Parli di Famiglia, Sanità e Welfare e Facebook ti accusa di contenuti che incitano odio. Bloccata la mia pagina istituzionale. Qualche “buontempone” si è divertito a segnalare la mia pagina istituzionale di Facebook, denunciandone i contenuti che inciterebbero all’odio, provocandone il momentaneo blocco e l’impossibilità di comunicare con tutti quei cittadini interessati a seguire la mia attività. Una accusa che respingo nettamente al mittente, o ai mandanti, e che trovo profondamente infamante nei miei confronti.

Nulla di più assurdo e incredibilmente falso, tanto che abbiamo prontamente fatto ricorso affinché possa essere riattivata il prima possibile.

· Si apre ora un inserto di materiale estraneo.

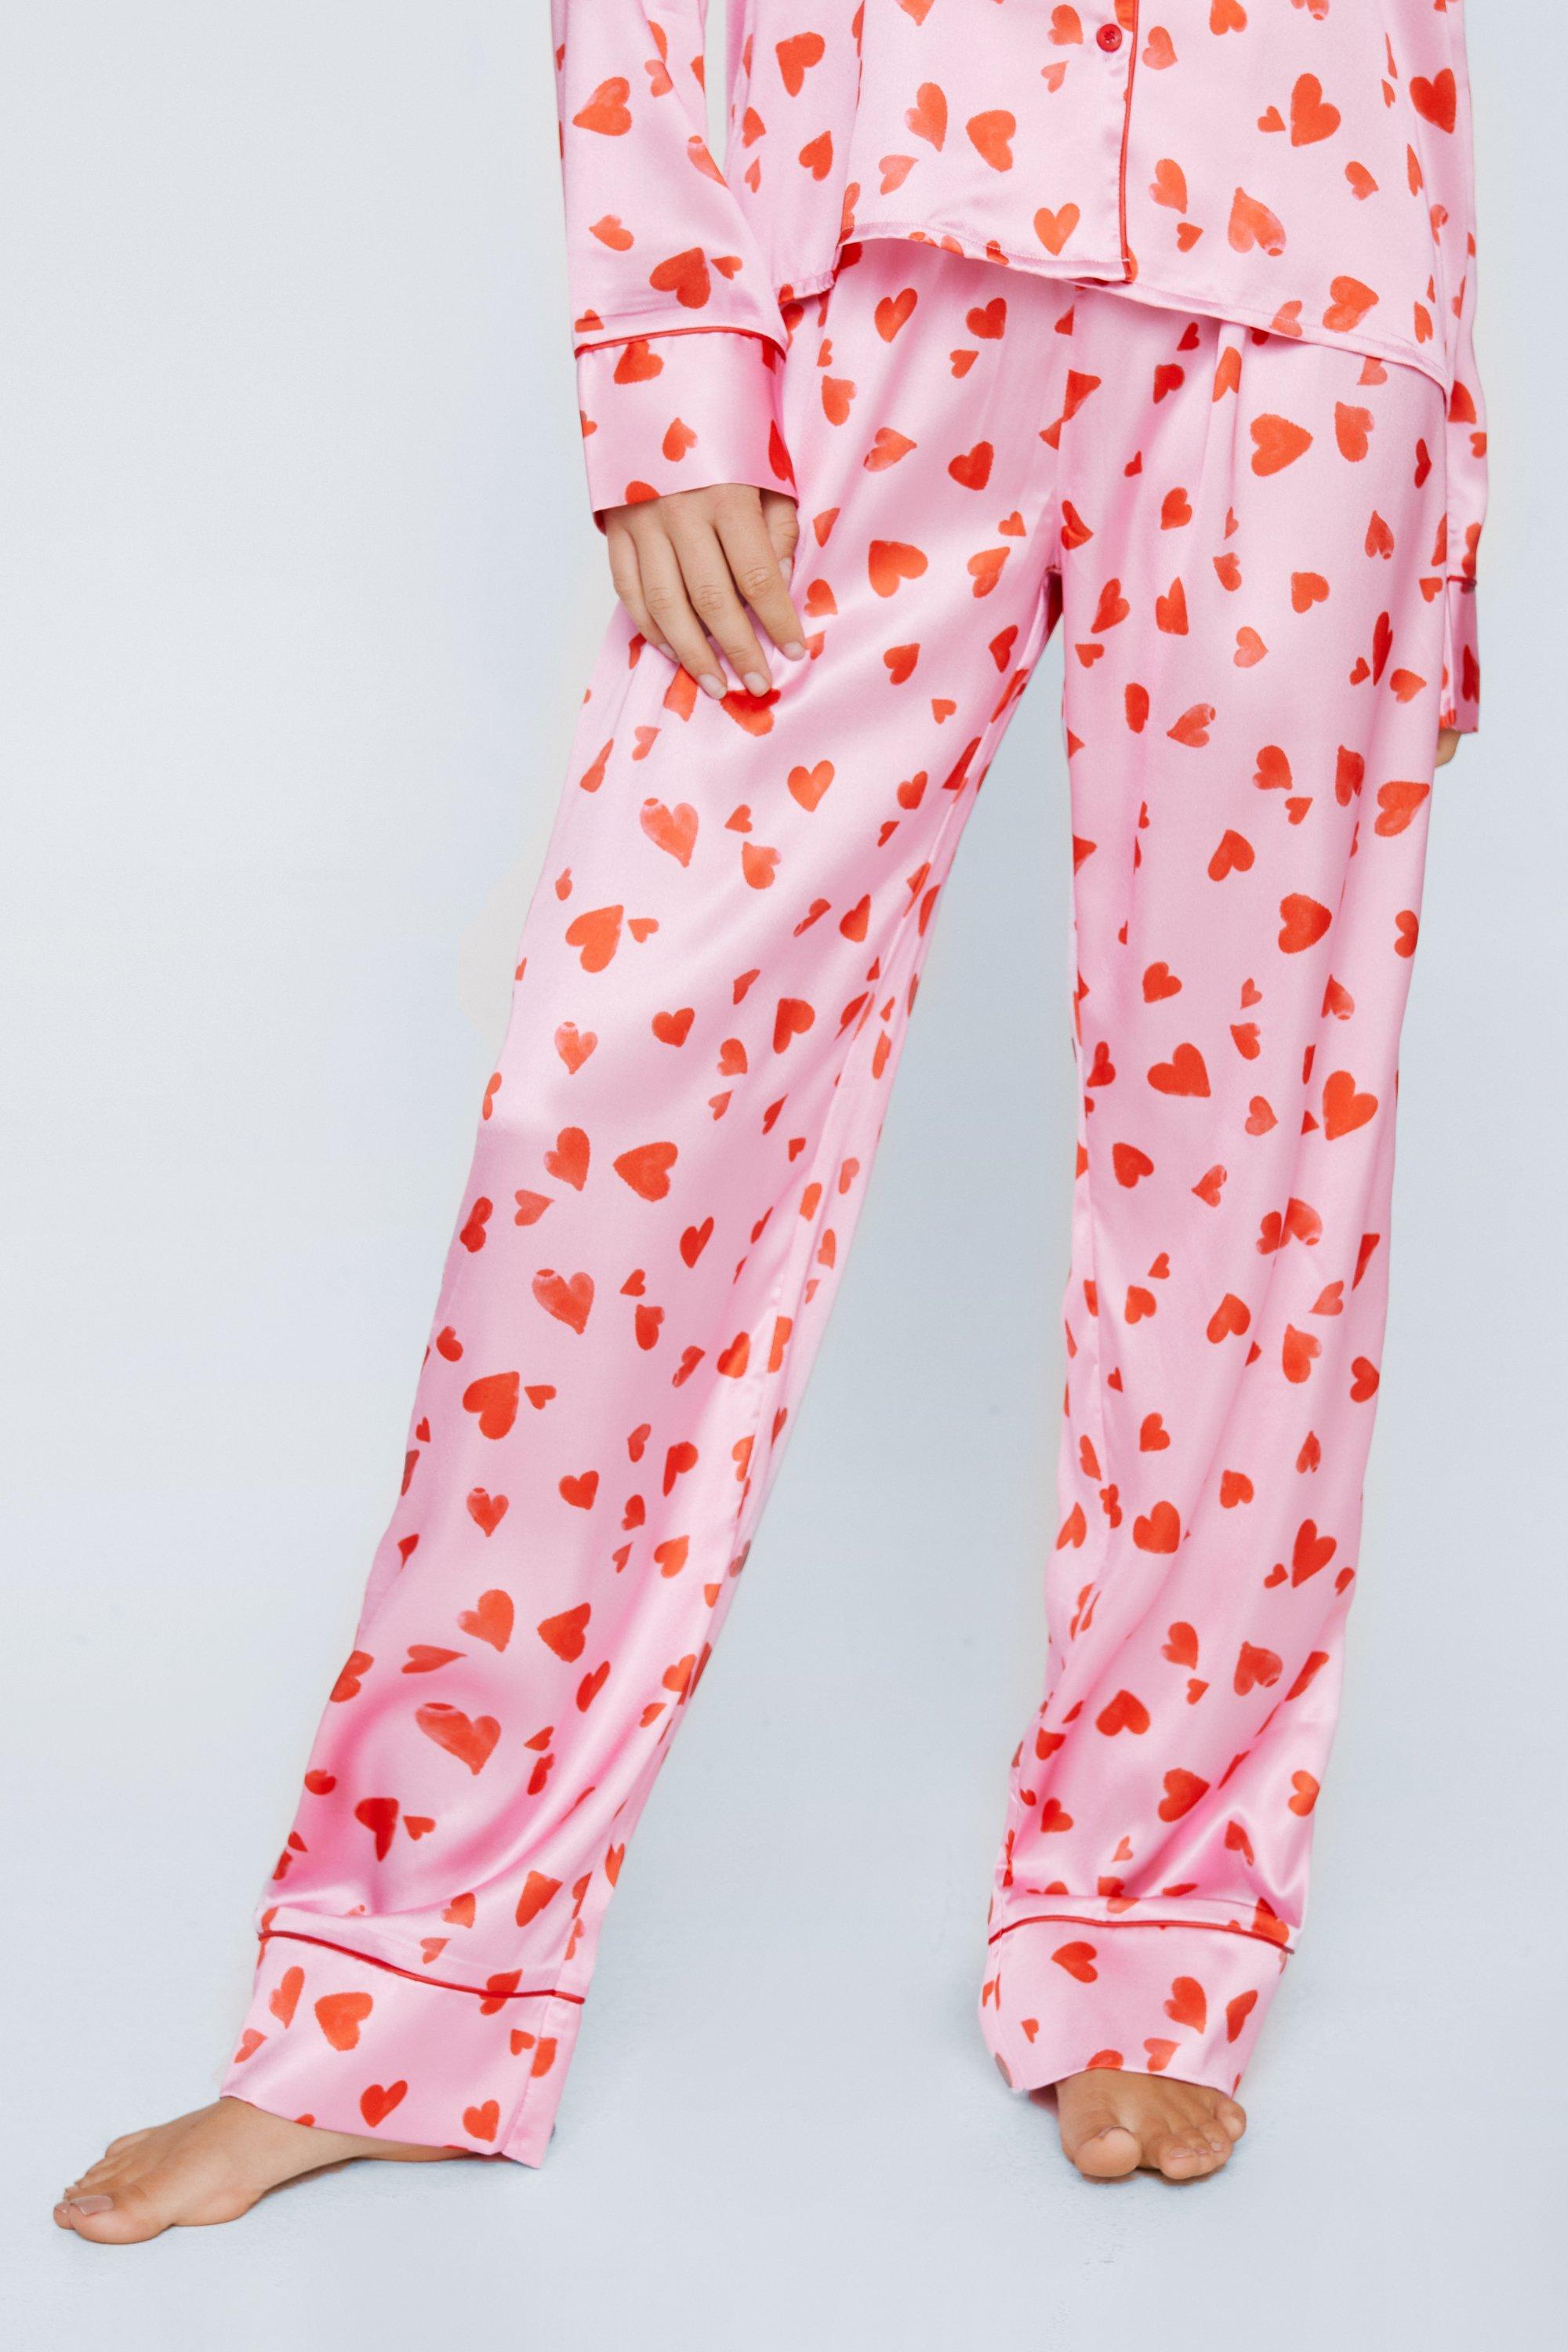 Buy Lazy One Pajamas for Women, Cute Pajama Pants and Top Set

In Assemblea Legislativa e in tutte le attività pubbliche e istituzionali, ho sempre difeso l’articolo 3 della Costituzione e ogni libertà e responsabilità di pensiero e azione. L’ho fatto col massimo garbo comunicativo e istituzionale, anche se talvolta con energia. Non è nel mio stile, infatti, manifestare il mio pensiero con invettive becere anche nel confronto su questioni complesse che meritano un linguaggio accurato.

Questo atto vigliacco è l’ennesima dimostrazione dell’avvio di una campagna di odio e prevaricazione ideologica che nulla hanno a che vedere con la dialettica politica, col confronto sui programmi di governo, sui temi da affrontare e sulle piaghe da sanare nella nostra regione. Un clima di scontro fomentato da un sistema che ha esercitato il proprio potere in modo opprimente e penalizzante il merito e che sta portando, anche dopo i fatti di “concorsopoli”, allo scontro ideologico estremista che riteniamo drammatico e di difficile contenimento. Una china pericolosissima fatta di scontri e prevaricazioni che non porteranno beneficio alcuno alla comunità umbra.

Questo atto non intimorisce me né migliaia di cittadini che stanno invocando un cambiamento radicale nella nostra regione.

Se poi Facebook non vuol sentir parlare di temi come la famiglia e la promozione della natalità e della vita, di welfare sostenibile e di una buona sanità pubblica, ne prendiamo atto ma a noi cambia poco. Continueremo a lavorare su questi fronti a testa alta e con rinnovata forza e convinzione.